Today we published our Q3 2020 performance update on our statistics page. This update comes as we continue to observe high economic uncertainty as the unprecedented nature of the COVID-19 outbreak continues to impact how we live and work, as well as another potential risk resurfacing via the ongoing Brexit negotiations. We have observed high street banks and other UK lenders taking enormous provisions against loan losses, and the upside scenario published by the Office for Budget Responsibility unemployment rate peaks at 9.7% this year, and it does not return to pre-crisis levels until 2022.

To protect the investments made by retail investors, during Q3 2020, we continued to support loan customers who have seen their financial circumstances being impacted by the Covid-19 outbreak and prepared our strategies to resume new lending.

At the end of September 2020, approximately 90% of customers exiting their payment deferral period have resumed their regular monthly payments which are positive and in line with the average across the industry.

However, approximately 2% of our loan book was still on a payment deferral hence there remains uncertainty on those customers ability to resume their regular monthly payments.

Furthermore, we have observed performance deterioration within the group of customers that started to miss their loan repayments but did not engage with our collections team and did not request a payment deferral. We believe many of these customers will go on to default on their loans.

As a result, our latest assessment of expected unrealised bad debt for the remaining term of active loans has increased by approximately 30%. We will be required to adjust lender rates further using the existing Lender Rate Adjustment mechanism, resulting in a period of negative interest rates to divert more funding to the Shield to cover the loan defaults that we expect to occur in the coming months.

Whilst a period of negative interest rates is needed, the expected annual returns received by every retail investor over the lifetime of their investment is expected to remain positive, i.e. despite the COVID-19 crisis we still expect no capital losses. To account for the impact of COVID-19, the period of negative interest rates will be phased, being more severe for 3 months, then easing after that.
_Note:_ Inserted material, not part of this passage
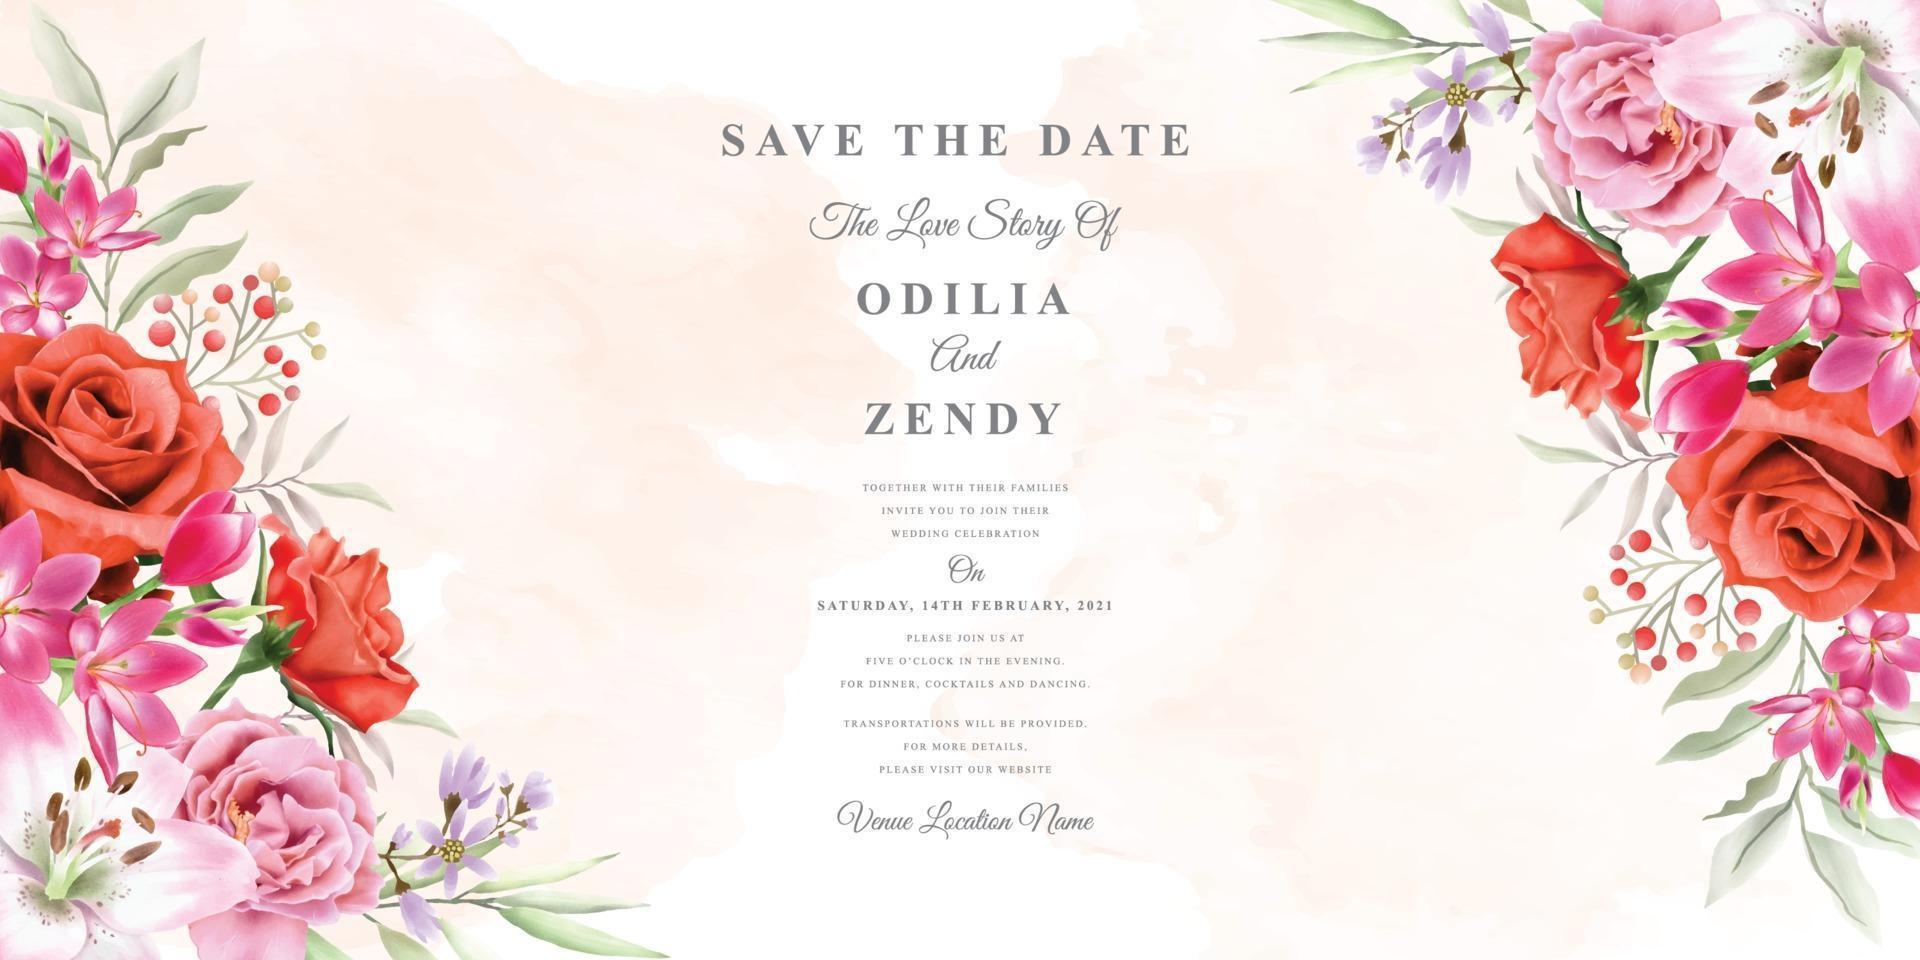 elegant wedding invitation template with beautiful floral design vector

Expected annual retail investor returns have decreased, compared to our Q2 2020 update. Average returns on past cohorts (2014-2019) have reduced from 4.6% to 4.2% p.a. for Growth investments and from 3.8% to 3.6% p.a. for Flexible. Average returns on the 2020 cohort have decreased from 4.2% to 3.6% p.a. for Growth and from 3.0% to 2.6% p.a. for Flexible.

 

The impact of Covid-19 on portfolio performance

 

In Q3 2020, we continued to observe high economic uncertainty as the unprecedented nature of the COVID-19 outbreak continues to impact how we live and work.

Regulatory environment

The Financial Conduct Authority (FCA) has continued to focus on promoting measures to support UK consumers who may have been impacted by COVID-19. On 30 September 2020, the FCA published guidance on how lenders should help customers coming to the end of their payment deferrals or customers who may be newly impacted by COVID-19 after 31 October.

We fully aligned our collections and recoveries policy to the latest FCA guidance, and we will be fully supporting customers who may continue to face financial difficulties. Having the best interests of our customers in mind will remain a top priority for us as the full impact of the COVID-19 crisis continues to unfold.
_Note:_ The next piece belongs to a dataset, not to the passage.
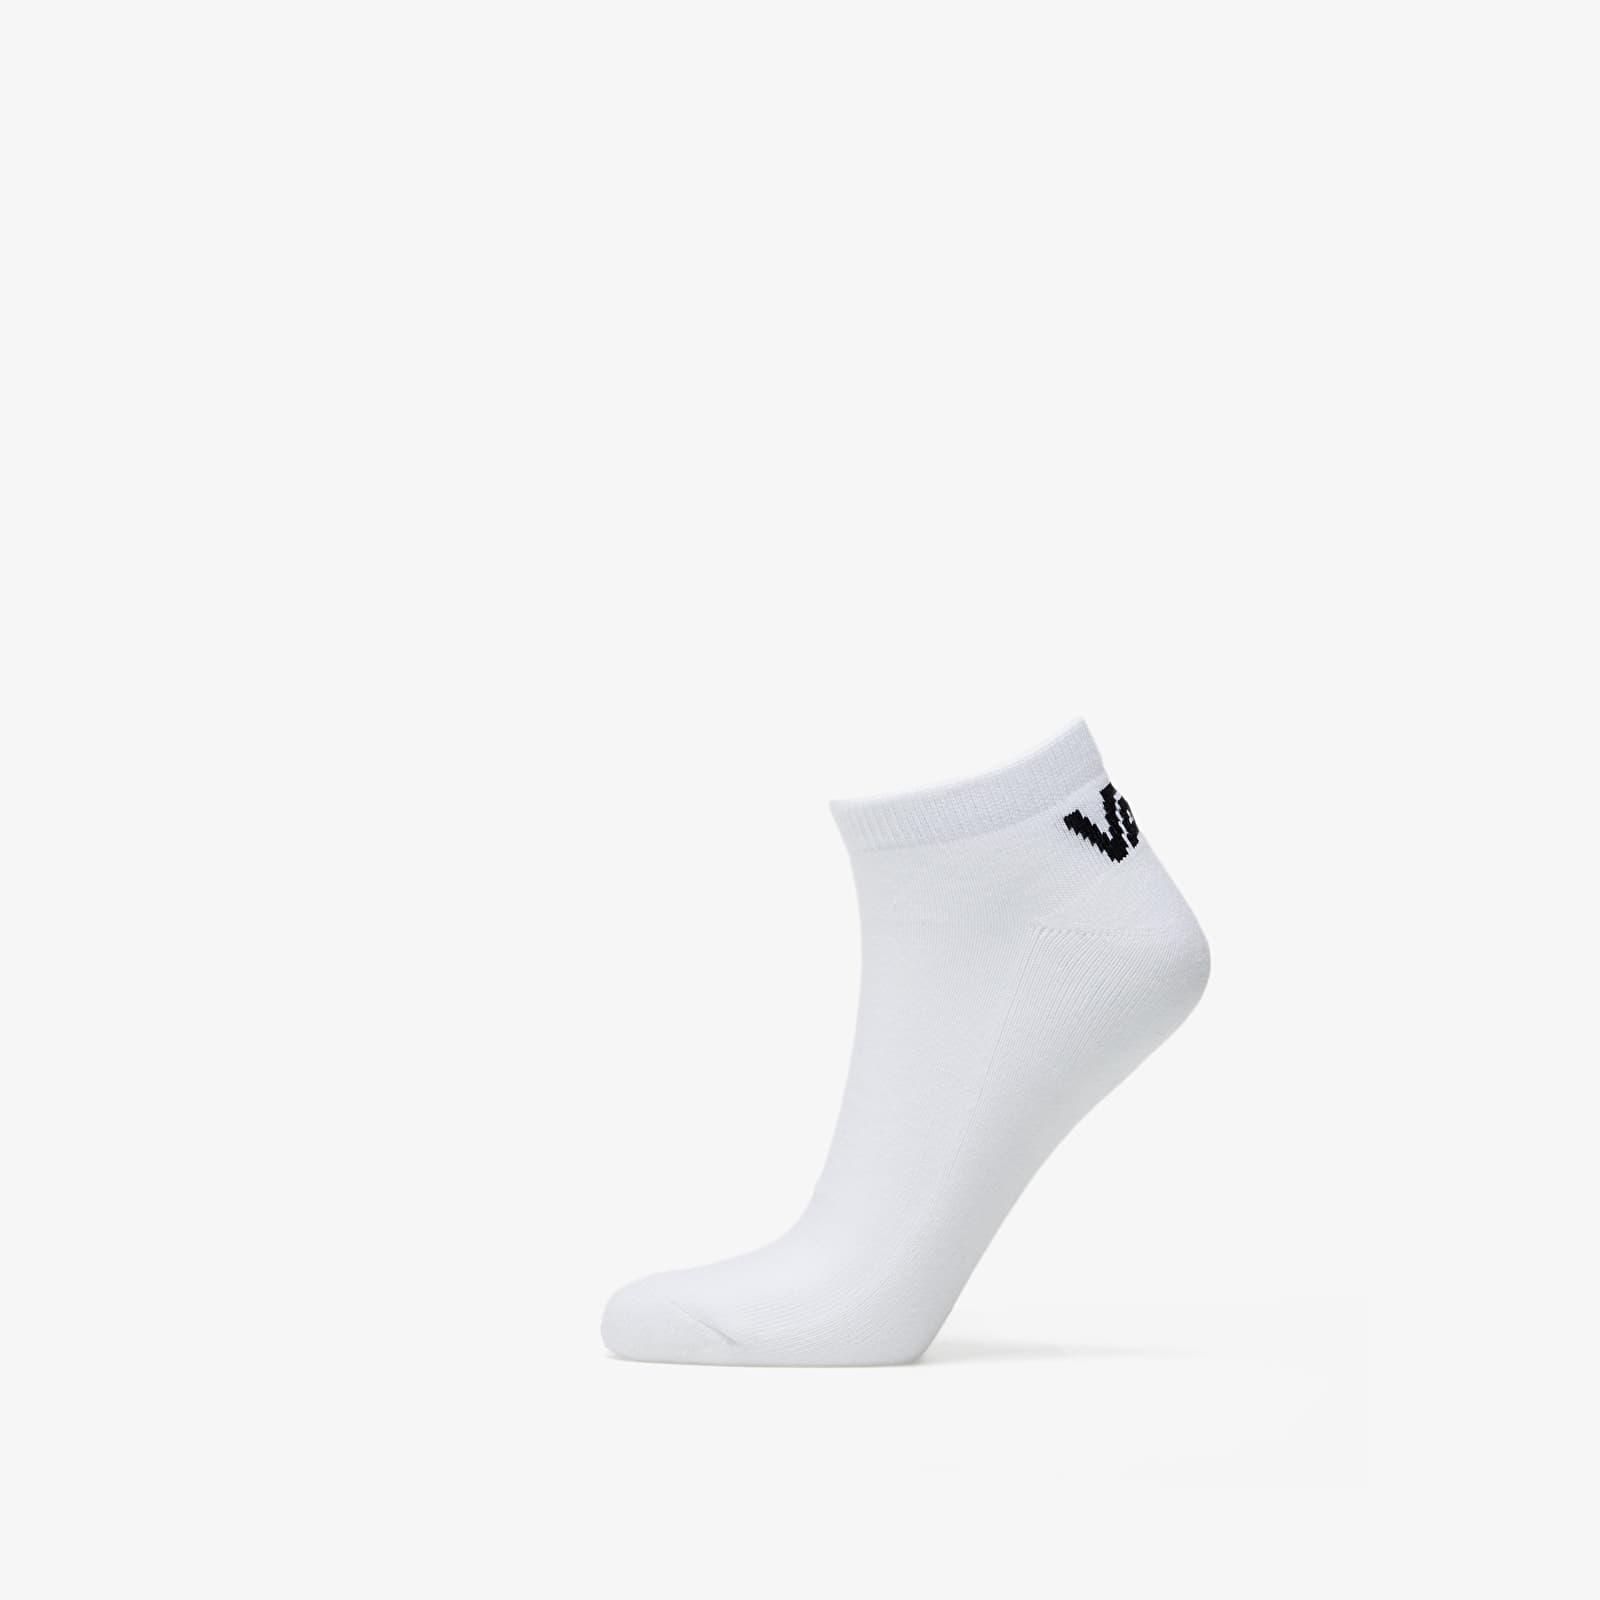 Vans Classic Low 3 Pair Socks White EUR 42.5-47

How COVID-19 has so far impacted our borrowers

To date, we have supported more than 1,500 loan customers with payment deferrals, and at the end of September only approximately 250 were still active - either on their first payment deferral or on an extension, which accounts for approximately 2% of our active loan book.

We have seen a significant decrease in the volume of newly granted payment deferrals which reduced from an average of approximately 25 per day in April to approximately 2 per day in September. We are also pleased to report that the vast majority of our loan customers have resumed their repayments at the end of the payment deferral period.

 

At the end of September, approximately 90% of customers exiting their payment deferral period have resumed their regular monthly payments.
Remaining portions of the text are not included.